Maron Schlemon 1 🇩🇪 München, Germany

Applicant:

Deutsches Zentrum für Luft—und Raumfahrt e. V. 🇩🇪 Bonn, Germany

Interested in similar patents?

Get notified when new applications in this technology area are published.

Create Free Alert

Classification:

G06F17/142 » CPC main

Digital computing or data processing equipment or methods, specially adapted for specific functions; Complex mathematical operations; Fourier, Walsh or analogous domain transformations, e.g. Laplace, Hilbert, Karhunen-Loeve, transforms; Discrete Fourier transforms Fast Fourier transforms, e.g. using a Cooley-Tukey type algorithm

G06F17/14 IPC

Digital computing or data processing equipment or methods, specially adapted for specific functions; Complex mathematical operations Fourier, Walsh or analogous domain transformations, e.g. Laplace, Hilbert, Karhunen-Loeve, transforms

Description

BACKGROUND

The present invention relates to a method and a system for computer-implemented processing of data samples using an N-point Radix-p-Fast Fourier Transform, FFT.

The Fast Fourier Transform (FFT) is a widely utilized algorithm that computes the discrete Fourier transform (DFT) of a sequence or its inverse (IDFT). It is a cornerstone in digital signal processing and finds extensive applications across various scientific, engineering, and technological domains. FFT may be used in the following different fields:

1. Signal Processing: FFT is pivotal in processing audio, video, and telecommunications signals. It allows for efficient signal filtering, analysis, and transformation, enabling various applications such as noise reduction, equalization, and compression.

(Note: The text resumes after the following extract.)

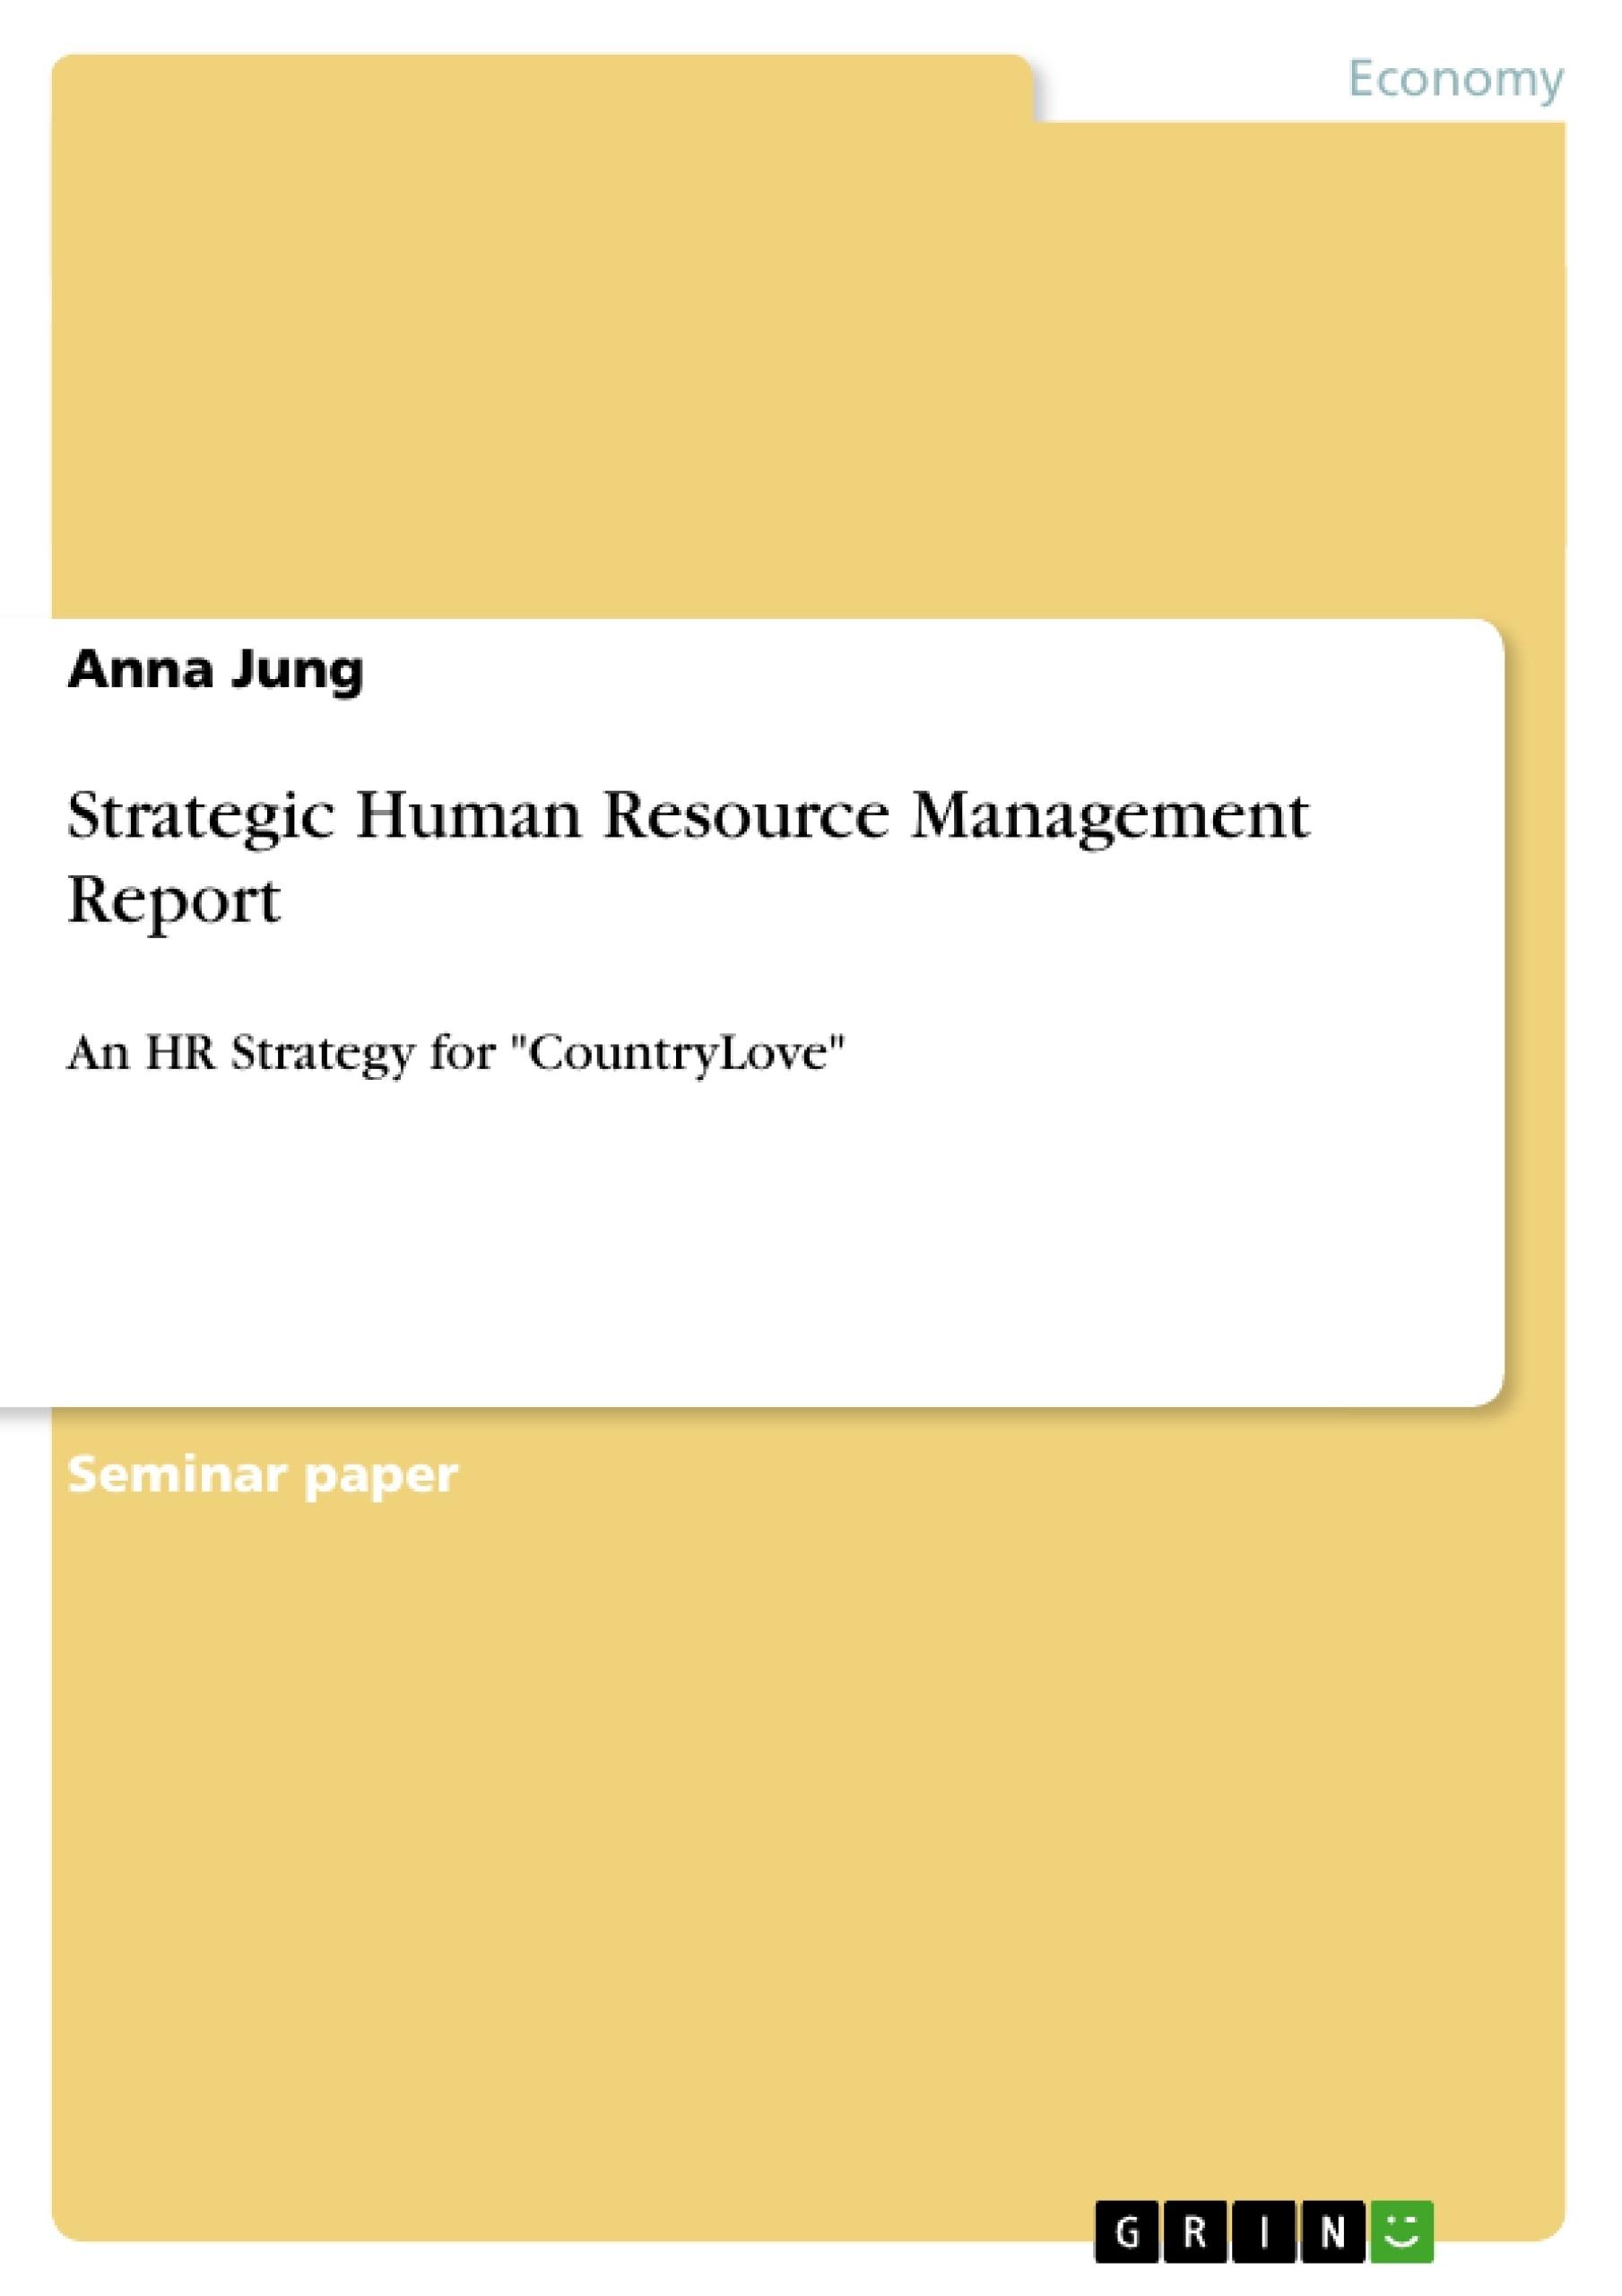 Title: Strategic Human Resource Management Report

2. Medical Imaging: In medical imaging technologies like MRI and CT scans, FFT helps reconstruct and enhance images. It is used to analyze frequency components within the image, improving both clarity and detail.

3. Aerospace and Radar Systems: FFT plays a vital role in synthetic aperture radar (SAR) technology and other radar systems. It aids in target detection, imaging, and tracking, enhancing the capabilities of modern defense and space exploration systems.

4. Weather Prediction: FFT provides essential insights into weather patterns and helps create accurate forecasts by analyzing meteorological data.

5. Financial Analysis: In the financial sector, FFT is an instrument for analyzing trends and patterns within various financial instruments, facilitating the creation of trading algorithms and risk management strategies.

6. Music and Audio Processing: FFT enables the analysis of audio signals for music production, including pitch correction, equalization, and spectral analysis. It is an essential tool for both professional audio engineers and hobbyists.

7. Scientific Research and Computational Chemistry: FFT assists in solving partial differential equations (PDEs) and analyzing complex datasets in research, including areas like quantum mechanics and molecular dynamics simulations.

8. Seismology: By analyzing seismic waves, FFT helps study Earth's interior and predict and analyze earthquakes.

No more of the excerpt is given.